Return only these lines: the one that contains "1985 Mercedes-Benz 190E 2.3-16 71368" and every line after it through the end of the listing, exactly, without pictures.

Information supplied →
=-=-=

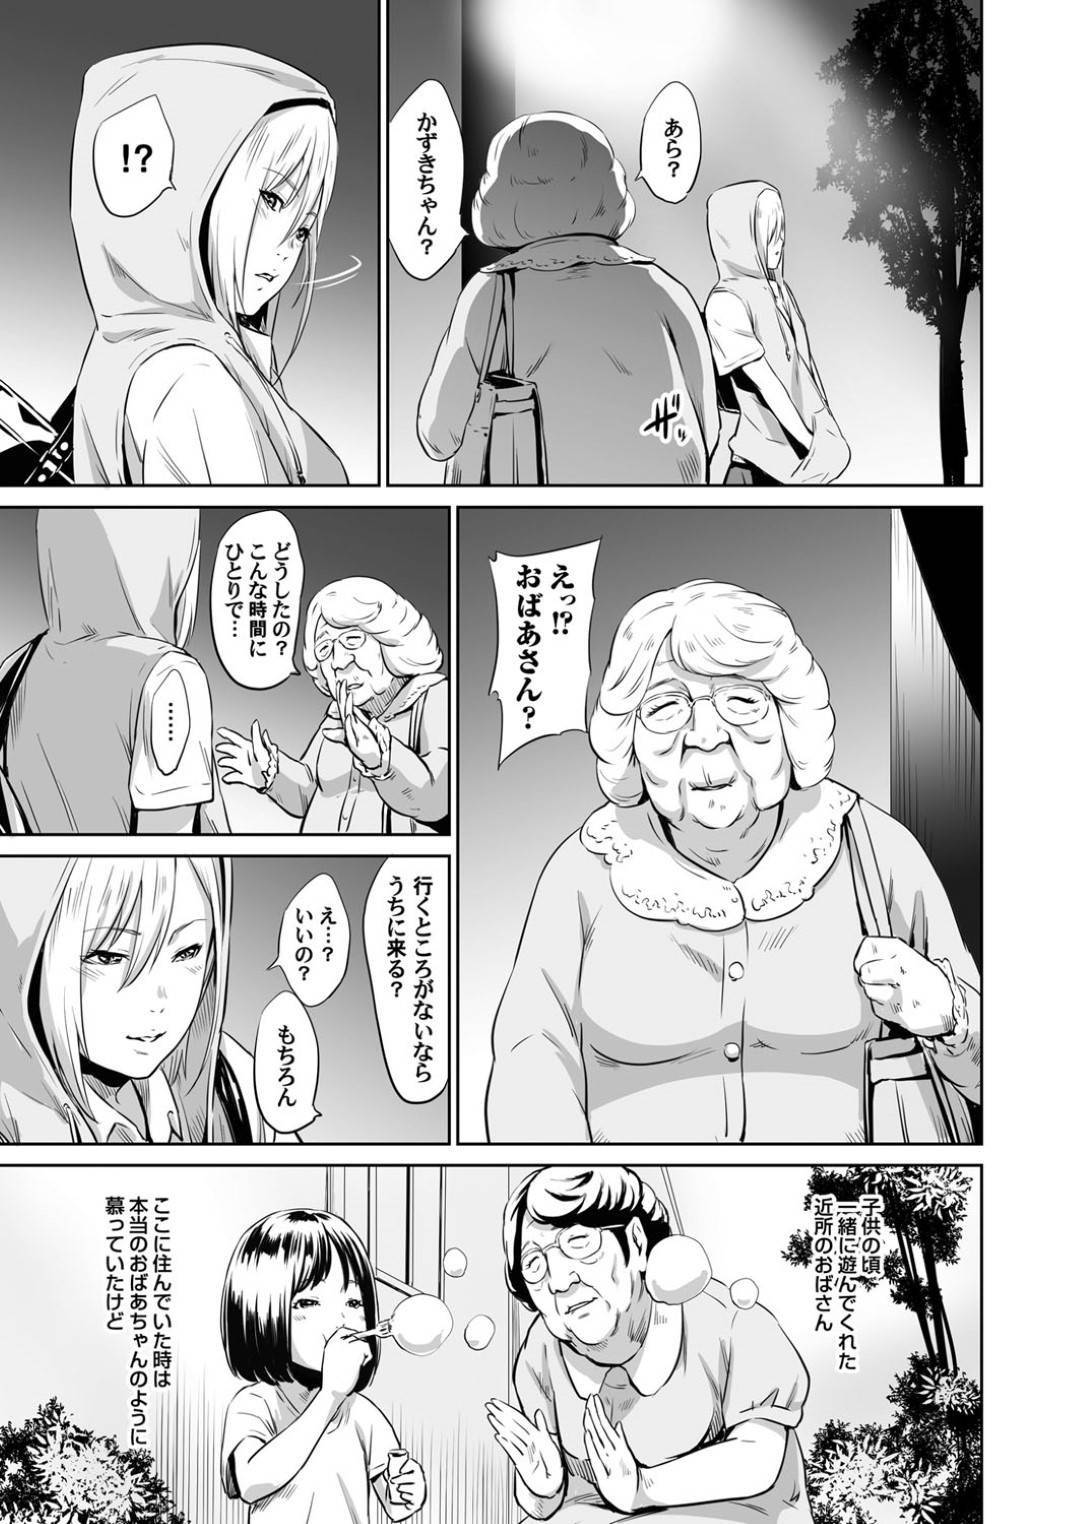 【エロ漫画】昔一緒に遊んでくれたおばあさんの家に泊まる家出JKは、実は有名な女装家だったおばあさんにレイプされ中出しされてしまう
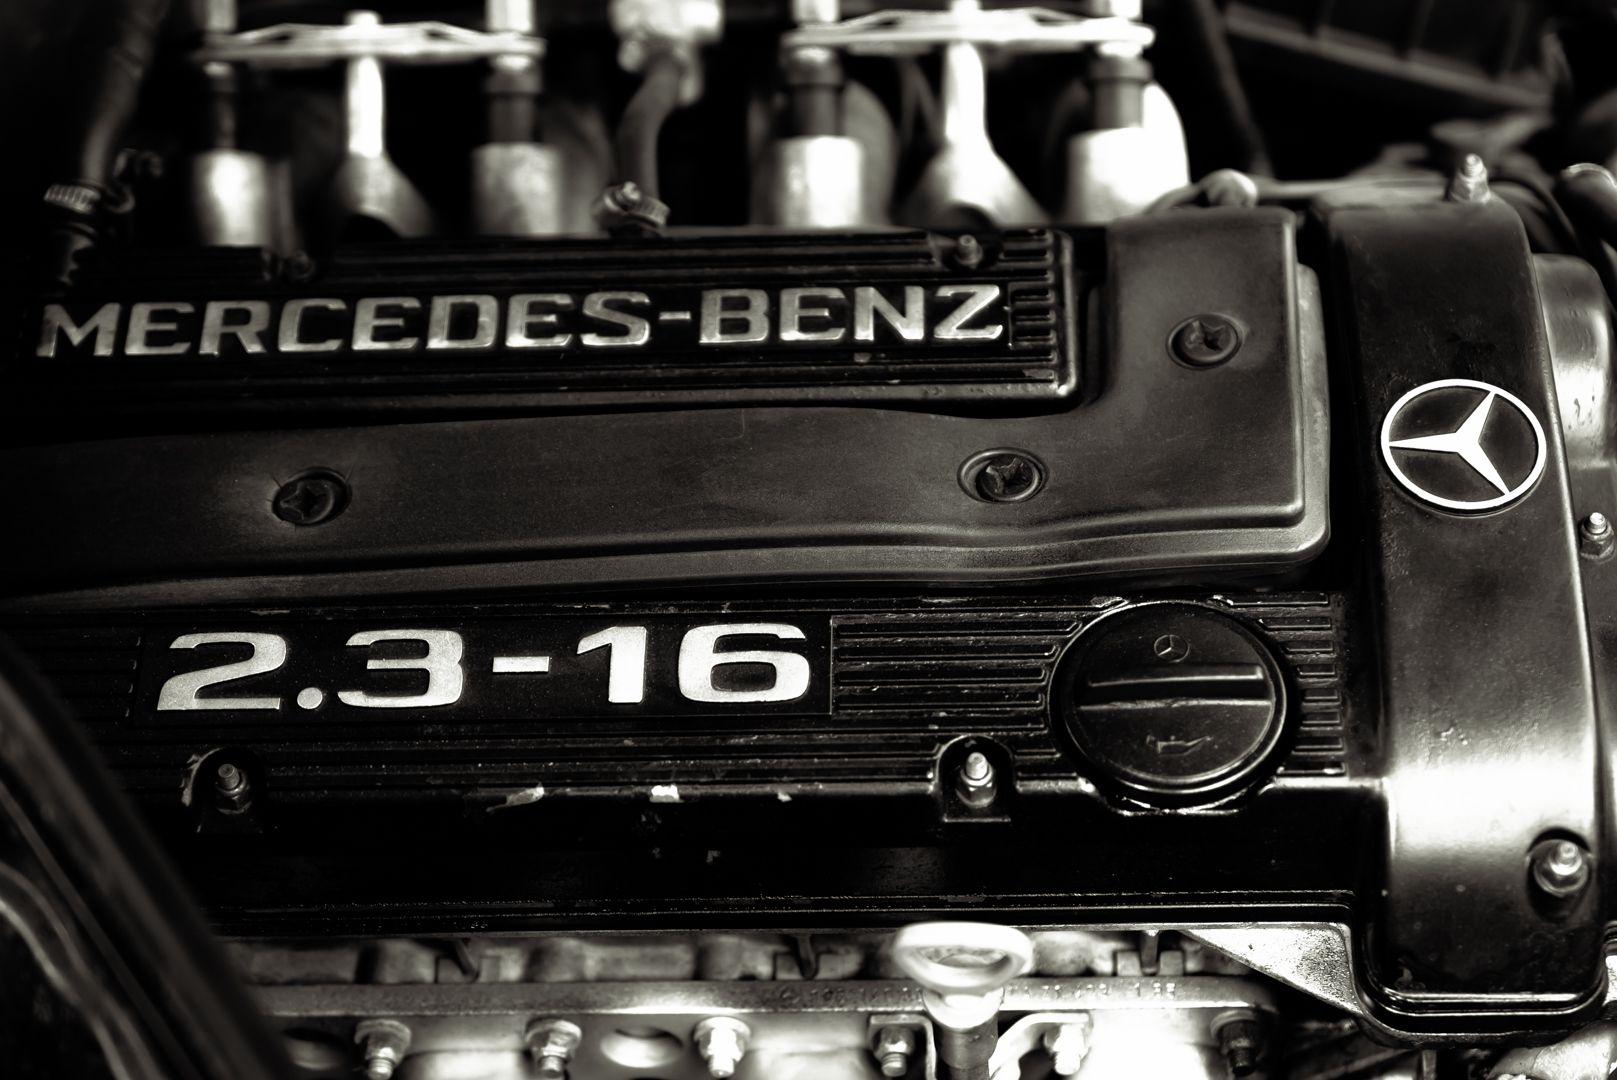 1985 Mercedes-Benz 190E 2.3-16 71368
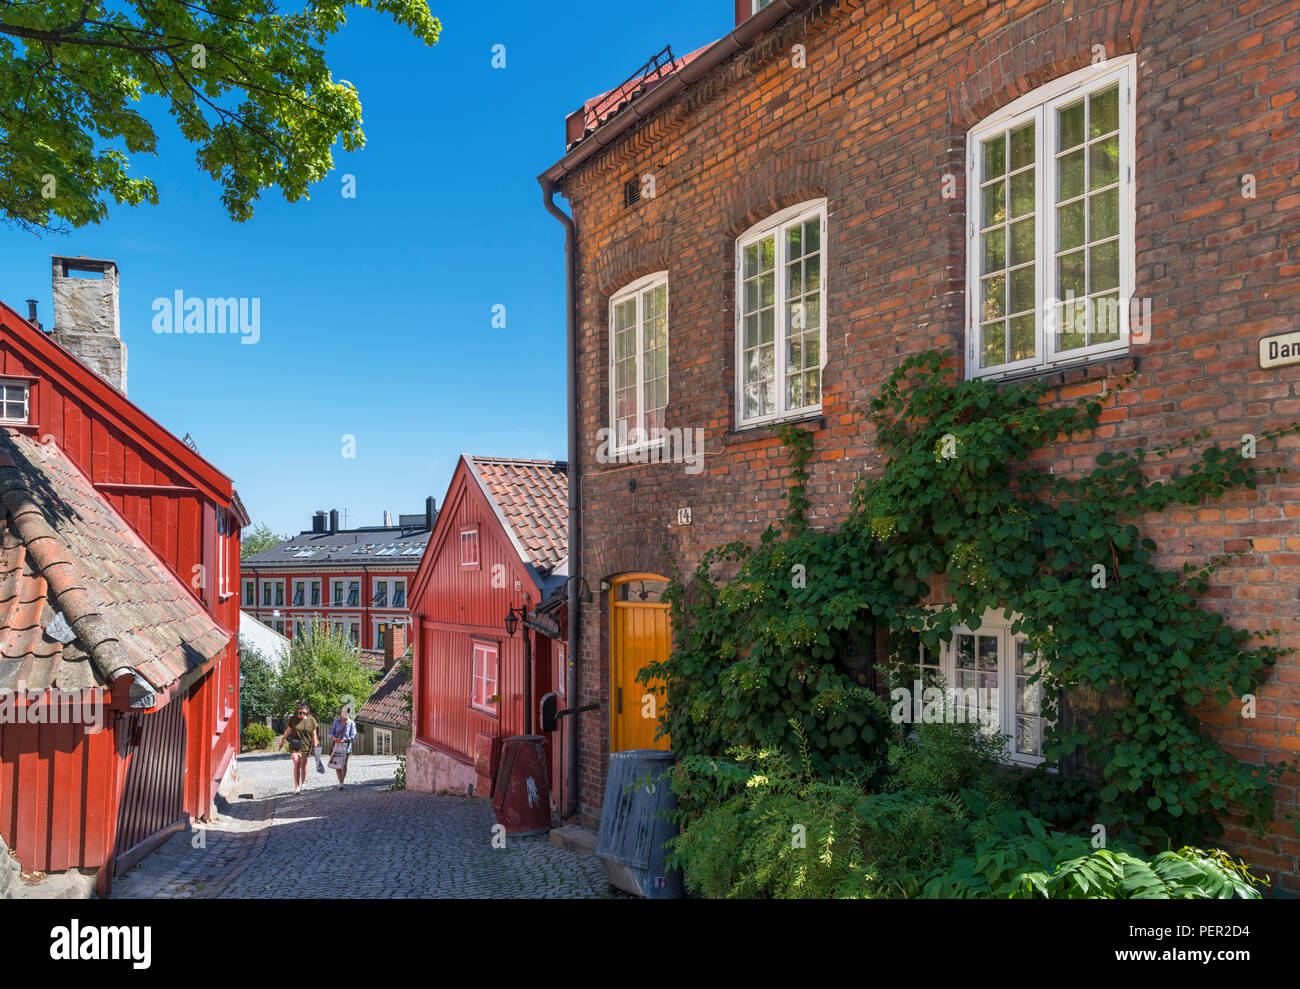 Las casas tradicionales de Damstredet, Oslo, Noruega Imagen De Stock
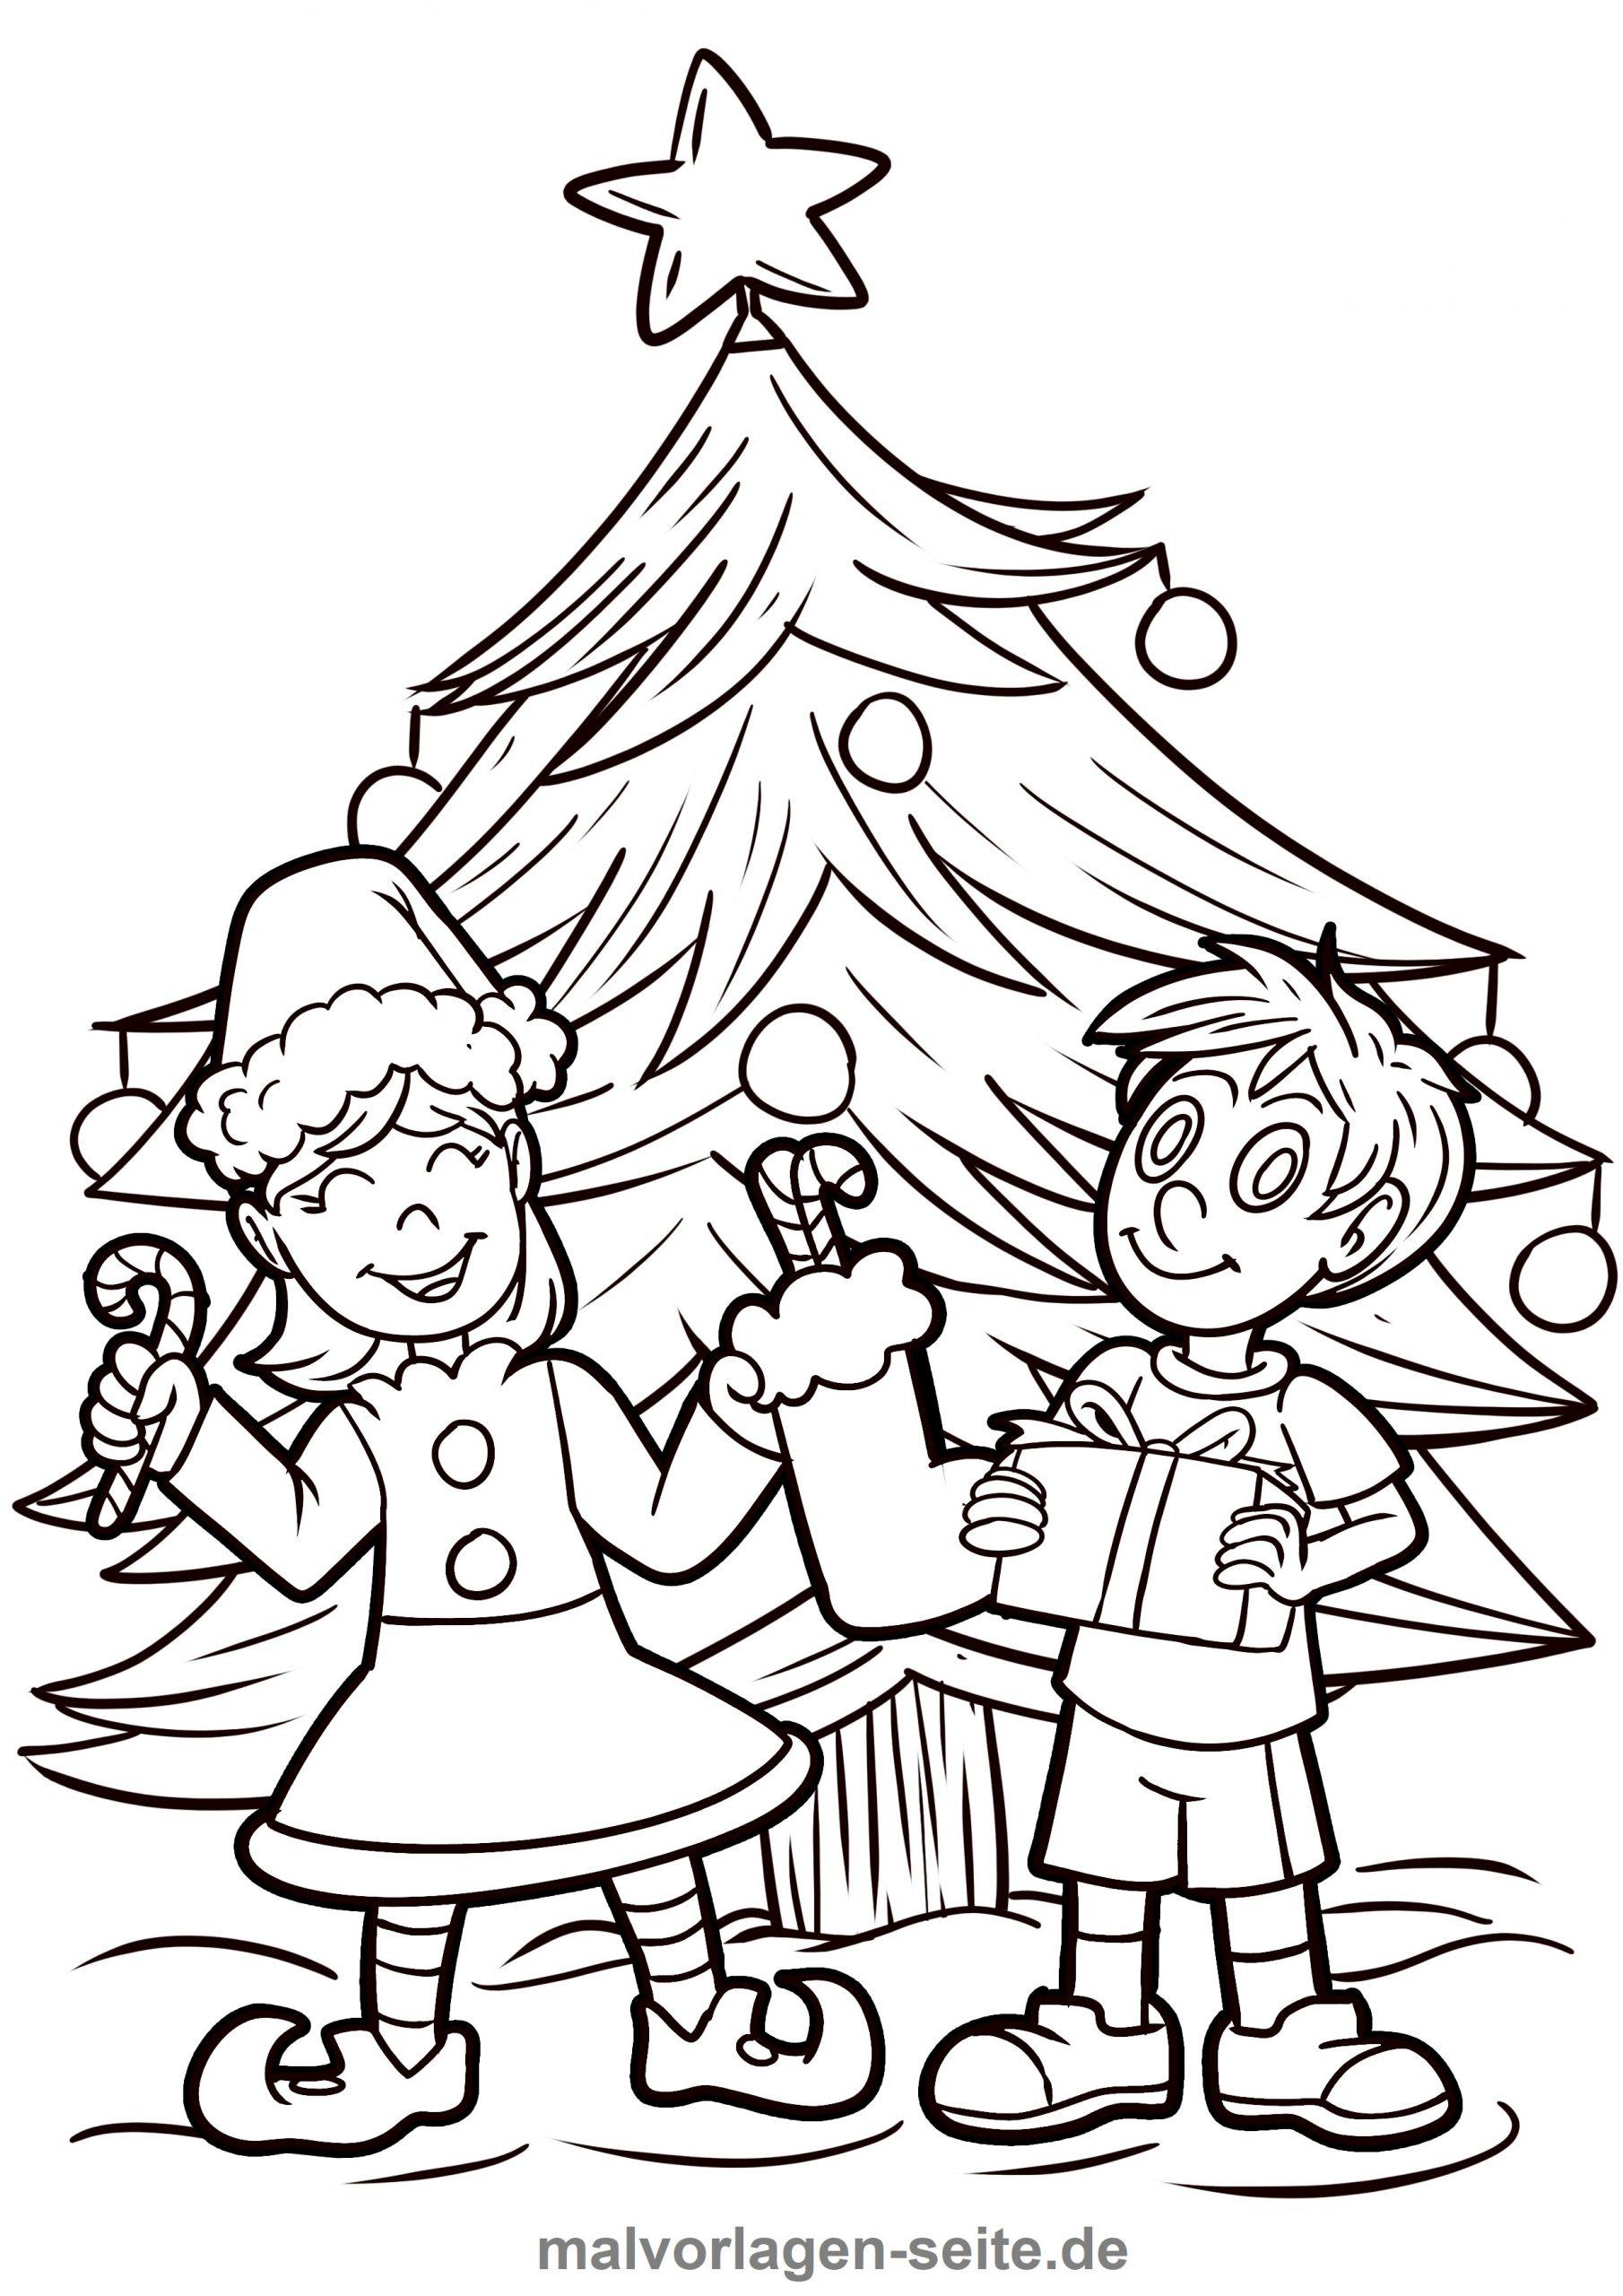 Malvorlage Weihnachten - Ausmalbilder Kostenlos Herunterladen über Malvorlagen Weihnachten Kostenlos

=-=-=

Task response →
 1985 Mercedes-Benz 190E 2.3-16 71368
 Las casas tradicionales de Damstredet, Oslo, Noruega Imagen De Stock
 Malvorlage Weihnachten - Ausmalbilder Kostenlos Herunterladen über Malvorlagen Weihnachten Kostenlos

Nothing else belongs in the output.